By Yuval Levin
Tuesday, July 29, 2014
Many people in Washington seem to be talking about the
prospect of the president unilaterally legalizing the status of several million
people who entered the country illegally as though it were just another
political question. But if reports about the nature of the executive action he
is contemplating are right, it would be by far the most blatant and explosive
provocation in the administration’s assault on the separation of powers, and could
well be the most extreme act of executive overreach ever attempted by an
American president in peacetime.
I am more open to some form of amnesty than most people
around here, I suspect, though the form I could support (as part of a deal that
included more serious border control and visa enforcement) would involve
legalization short of full citizenship, for reasons well articulated by Peter
Skerry here. But the question of how to address the complicated problem of the
status of the more than 10 million people who are in our country without legal
authorization is a matter for the political system as a whole to address. That
system has made several serious efforts to do so in recent years, so far
without success. The most recent such effort (which resulted in a bad bill, in
my view) took place while President Obama has been in the White House. He knows
that as things now stand in Congress the question is not about to be resolved,
and that the 2014 election is not likely to lead to its being resolved in the
way he would prefer. Presumably this disappoints him. But the notion that the
president can respond to a failure to get Congress to adopt his preferred
course on a prominent and divisive public issue by just acting on his own as if
a law he desires had been enacted has basically nothing to do with our system
of government.
In one sense, the approach the president is said to be
contemplating does fit into a pattern of his use of executive power. That
pattern involves taking provocative executive actions on sensitive, divisive
issues to isolate people he detests, knowing it will invite a sharp response,
and then using the response to scare his own base voters into thinking they are
under assault when in fact they are on the offensive. That’s how moving to compel
nuns to buy contraception and abortive drugs for their employees became
“they’re trying to take away your birth control.” This strategy needlessly
divides the country and brings out the worst instincts of people on all sides,
but it has obvious benefits for the administration and its allies. Liberals get
both the substantive action and the political benefit of calling their
opponents radicals and getting their supporters worked up. Obama’s legalization
of millions would surely draw a response that could then be depicted as
evidence of Republican hostility to immigrants, rather than of Republican
hostility to illegal executive overreach that tries to make highly significant
policy changes outside the bounds of our constitutional order.

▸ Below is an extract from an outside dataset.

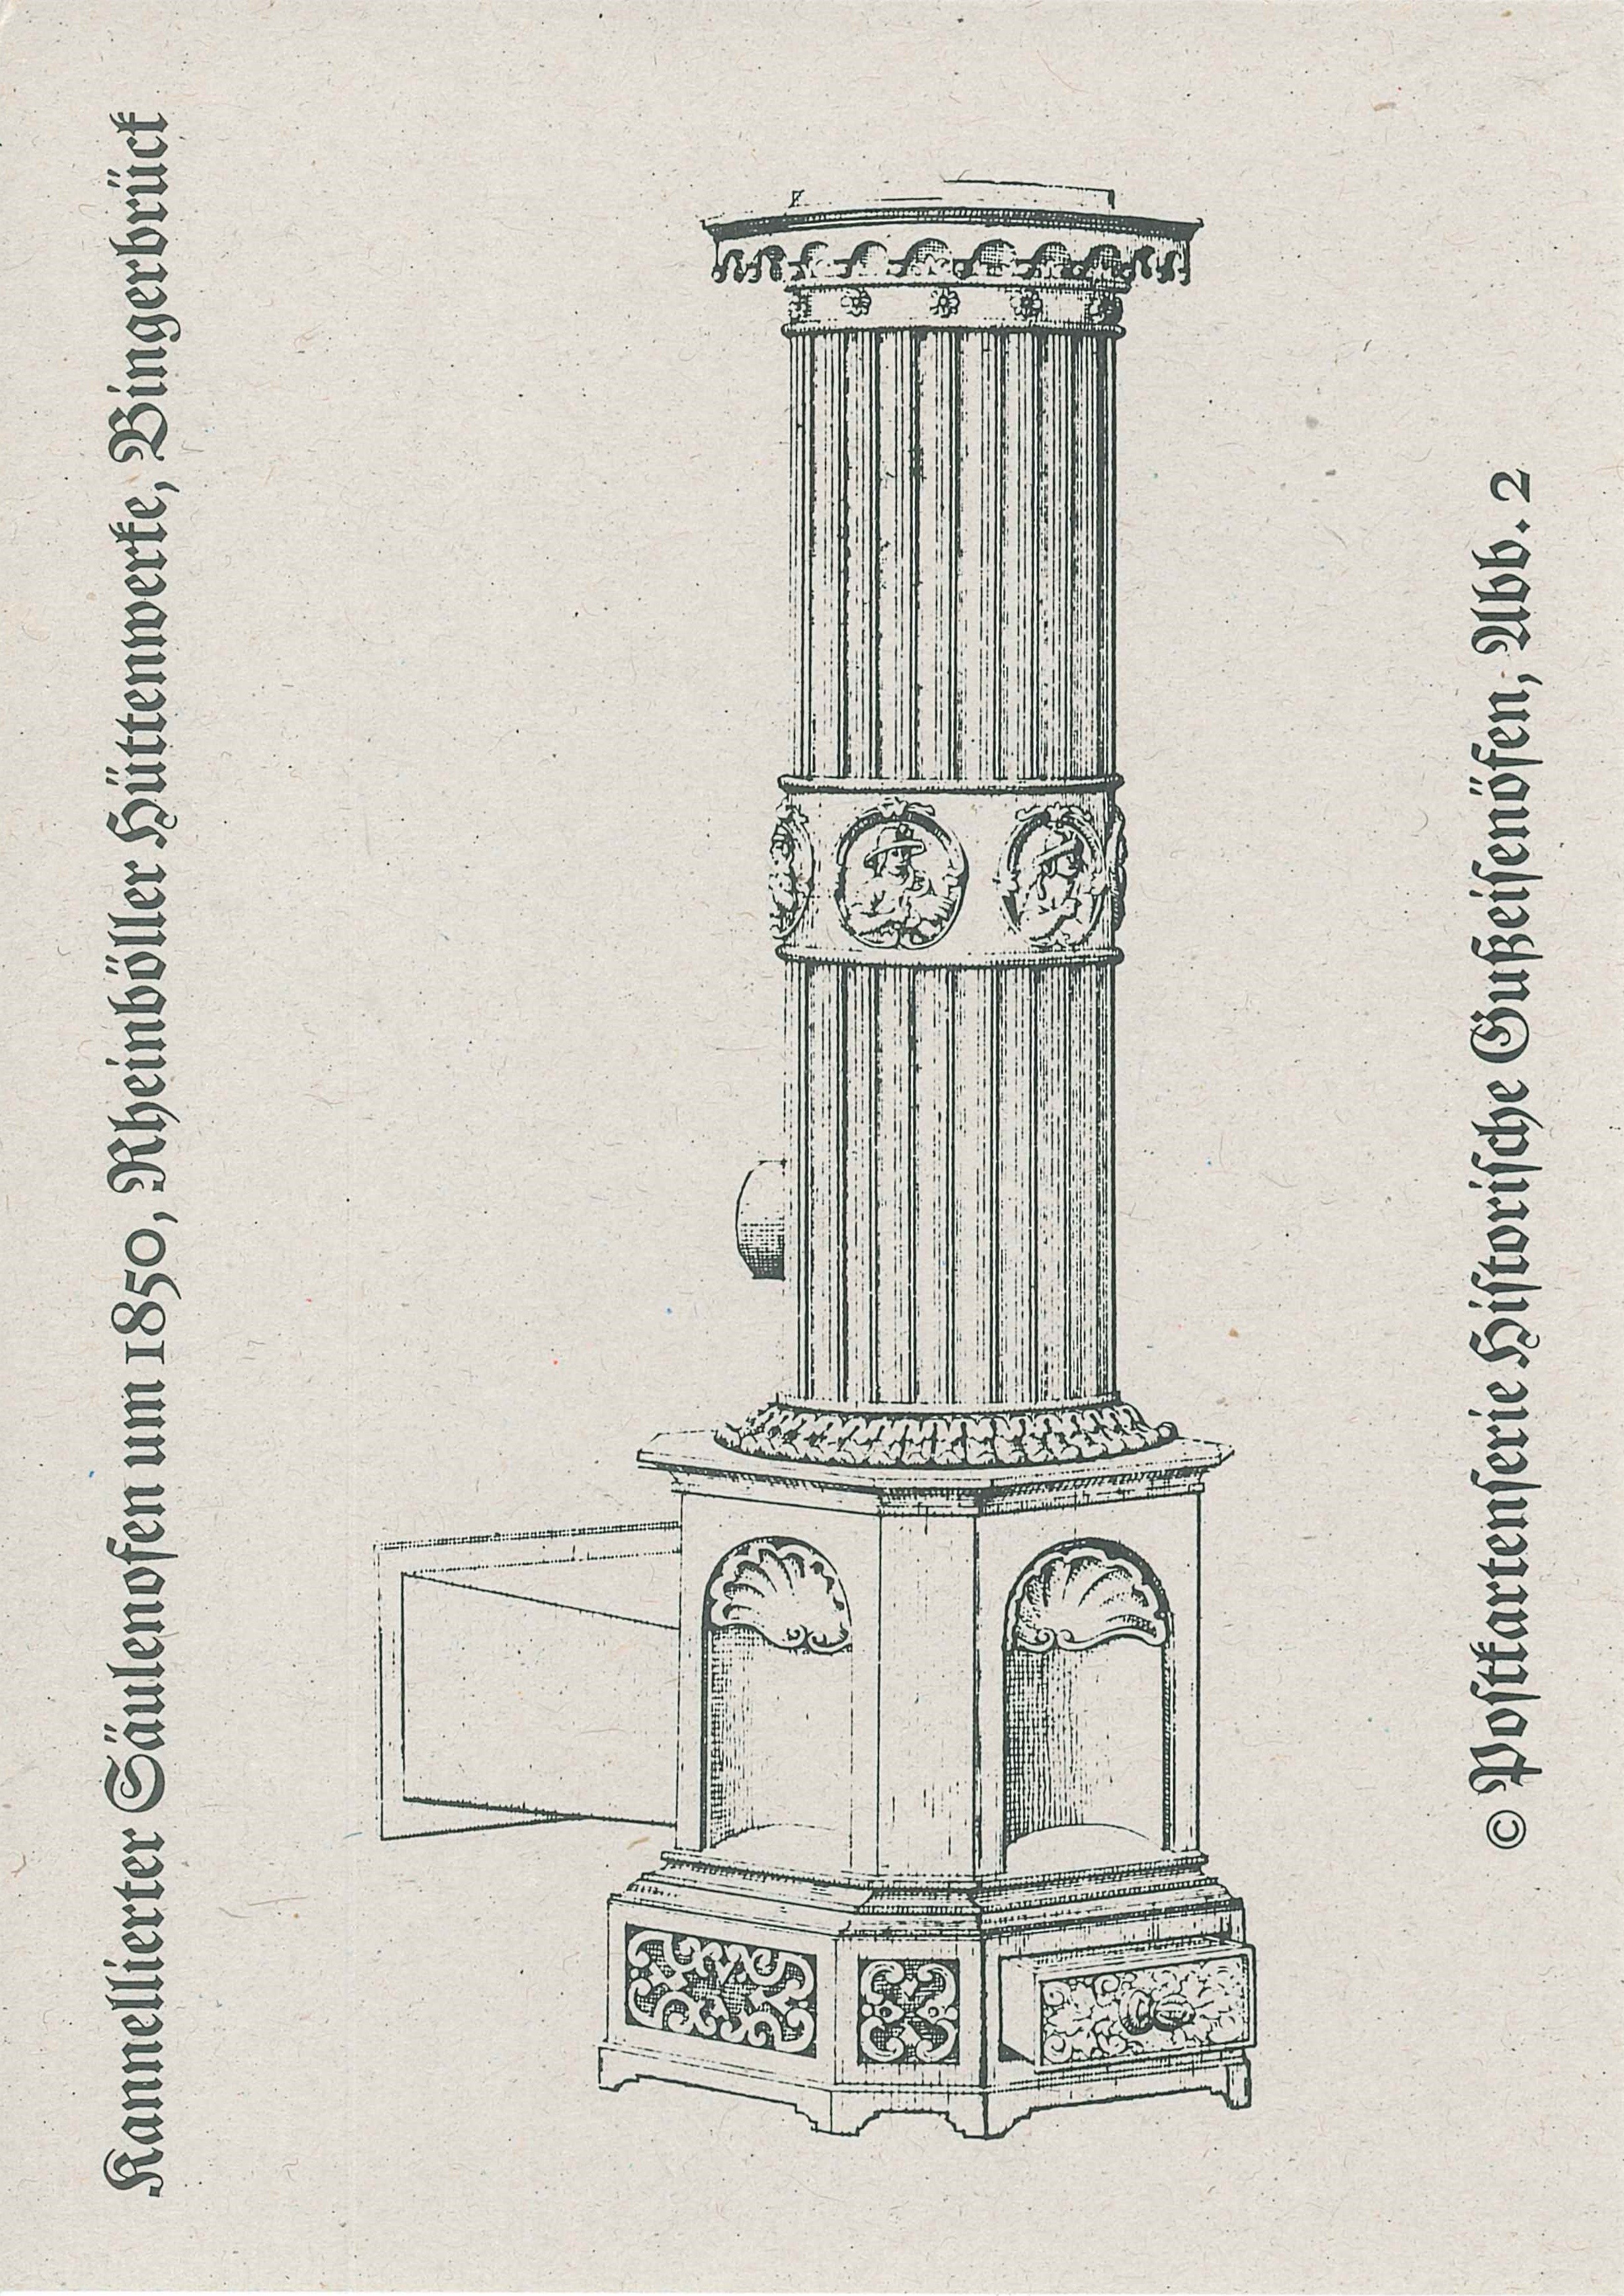 Postkartenserie "Historische Gußeisenöfen, Abb. 2", Deutsches Eisenofenmuseum, Neu-Ulm (REM CC BY-NC-SA)

But while the legalization now being talked about fits
into that pattern in a sense, the sheer scope of its overreach would put it in
a different category as a practical matter. That overreach is not mitigated but
exacerbated by the fact that the president apparently intends to be selective:
We are told he may offer effective legal amnesty to about half of the 11 or so
million people who are here illegally. Which half? And why not the other? The
president apparently intends to answer these questions based on criteria of his
choosing, with no clear foundation in any particular statutory authorization or
provision of law.
President Obama has long treated Congress with contempt,
and has on many occasions taken executive actions that have bent or broken the
limits of the executive’s discretion in our system. Perhaps above all, he has
enforced Obamacare selectively — ignoring some clear requirements of law and
conjuring up others that do not exist. These have been serious violations of
his obligation to see that the laws are faithfully executed, and have caused
serious problems for our system of government. They will leave the next
president with a lot of damage to undo. But what the administration appears to
be contemplating here is of a different scale and character. It is not selective
enforcement of a new statute but rather just an action outside the law, in an
arena in which the president himself has said unilateral action is beyond his
authority and in which there is no case for extreme urgency.
White House officials clearly understand that such a move
would invite a firestorm of opposition and criticism, and they appear to see
that as an advantage. Maybe they’re right that such a step and its aftermath
would work to their political benefit, and maybe they’re not. But surely it
would all harm the country — dividing the public and debasing our system of
government. It seems like just the sort of thing that a national leader would
seek to avoid, rather than work to invite. Let’s hope the reports aren’t true.